** Problem **
Among the entries below, take the line with "Simulation grüne Pflanzen" and the line with "Bonbons d’arrosage de", and output them and every line between them exactly, with nothing else.

** Source material **

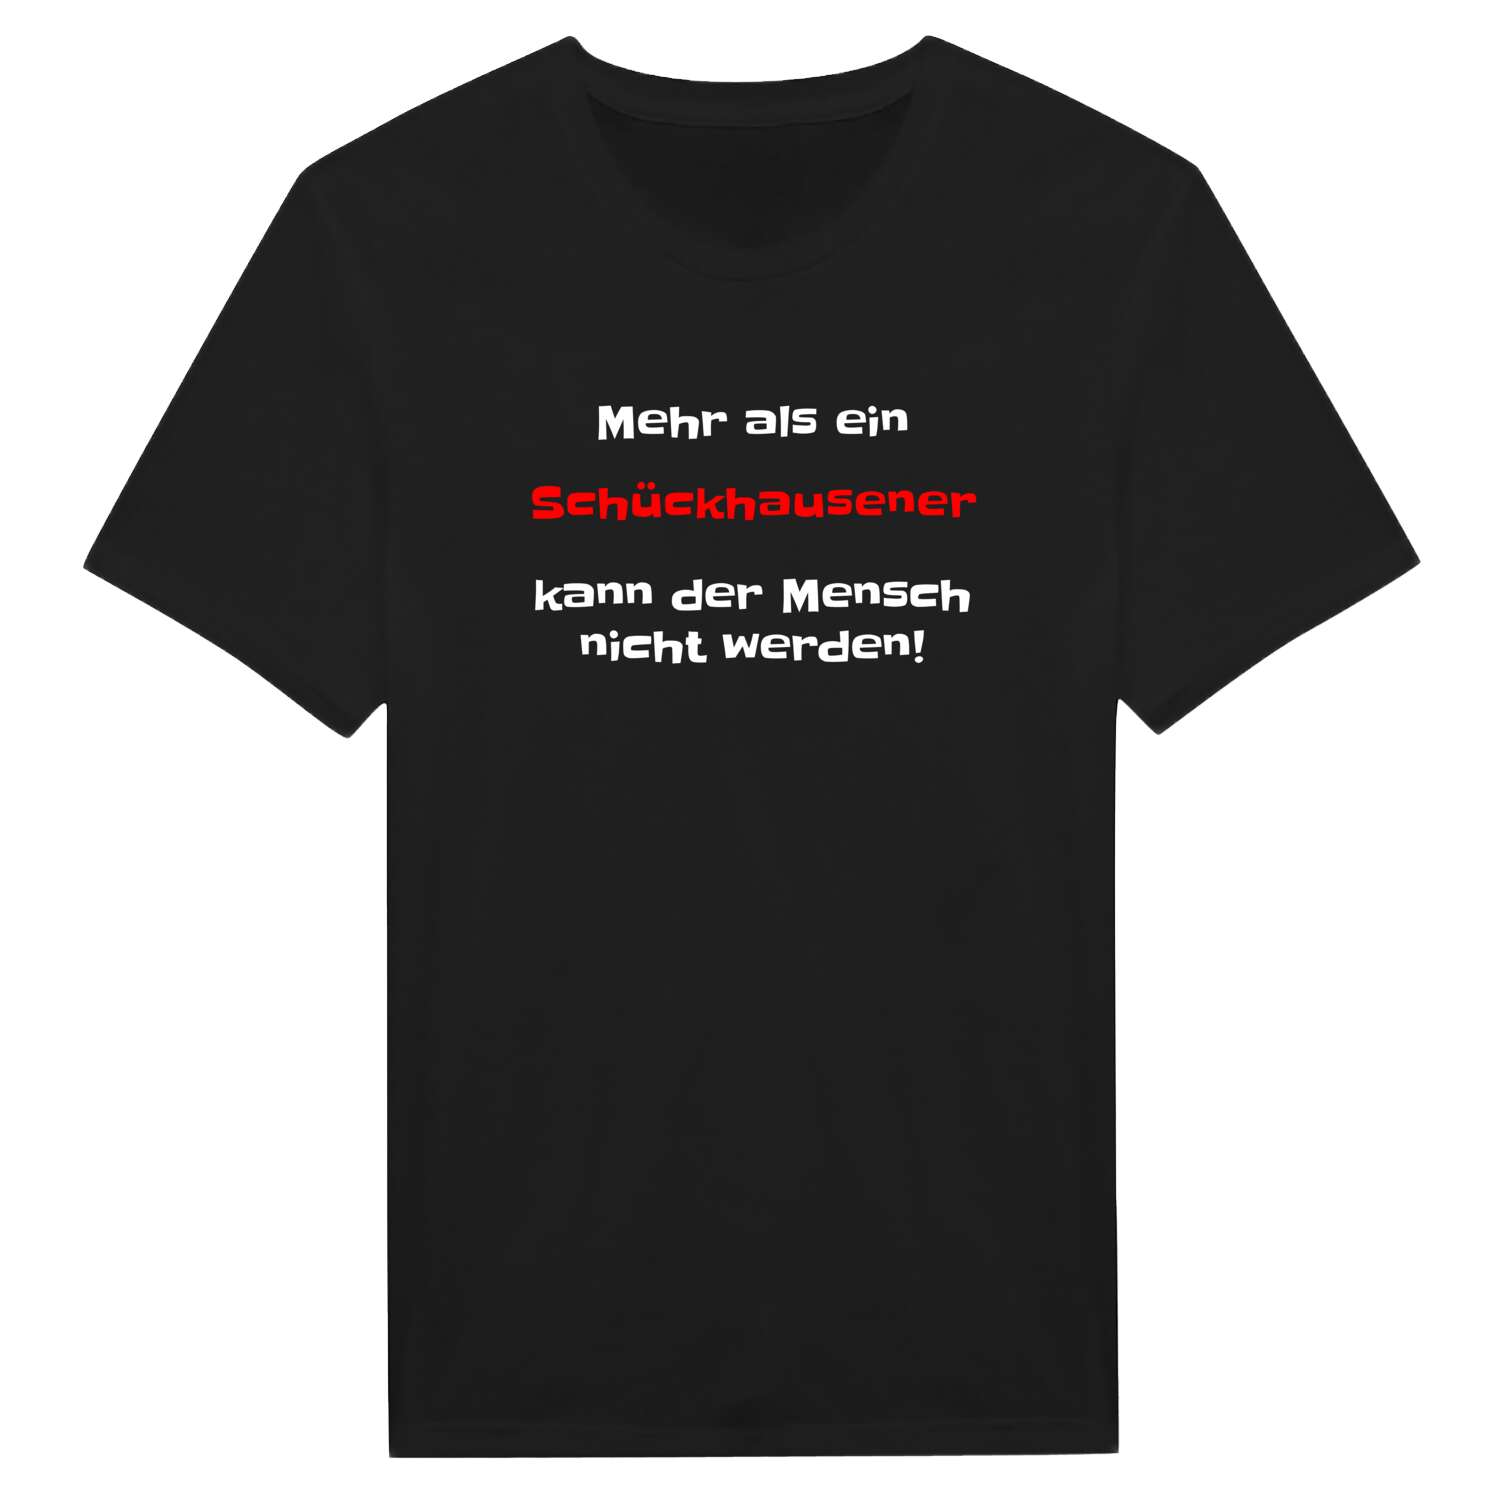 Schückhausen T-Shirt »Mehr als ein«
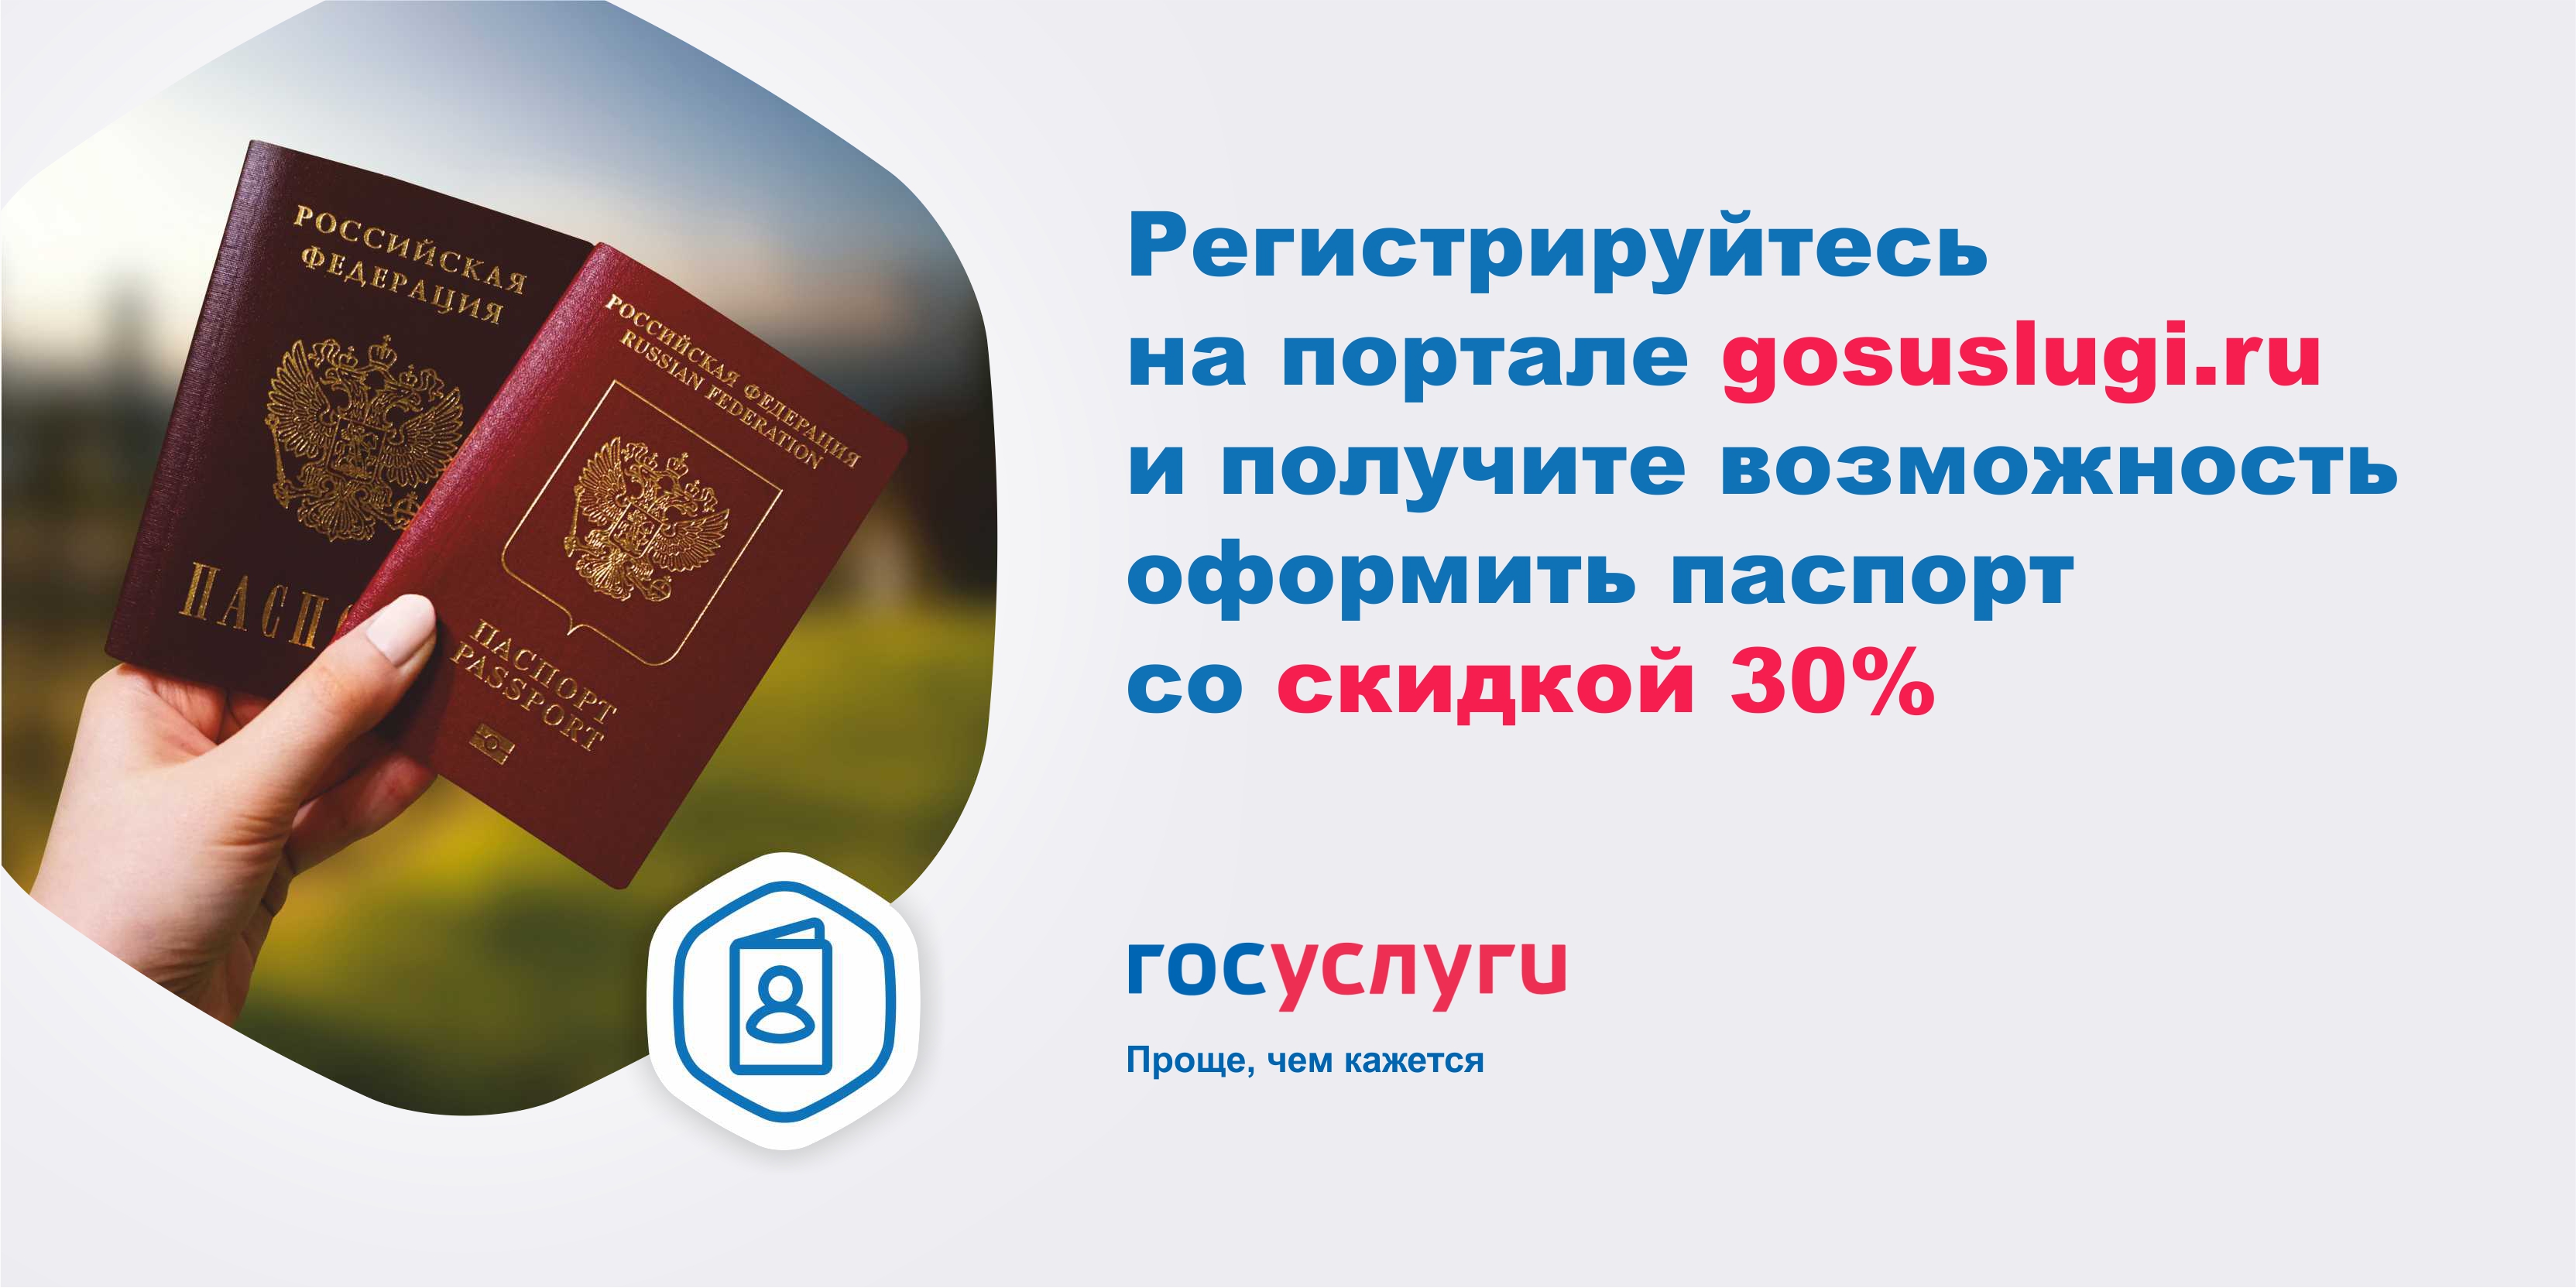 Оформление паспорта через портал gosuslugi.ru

...

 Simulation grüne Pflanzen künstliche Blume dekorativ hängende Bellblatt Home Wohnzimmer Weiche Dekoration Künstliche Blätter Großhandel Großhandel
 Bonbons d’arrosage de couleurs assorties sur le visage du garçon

** Written solution **
 Simulation grüne Pflanzen künstliche Blume dekorativ hängende Bellblatt Home Wohnzimmer Weiche Dekoration Künstliche Blätter Großhandel Großhandel
 Bonbons d’arrosage de couleurs assorties sur le visage du garçon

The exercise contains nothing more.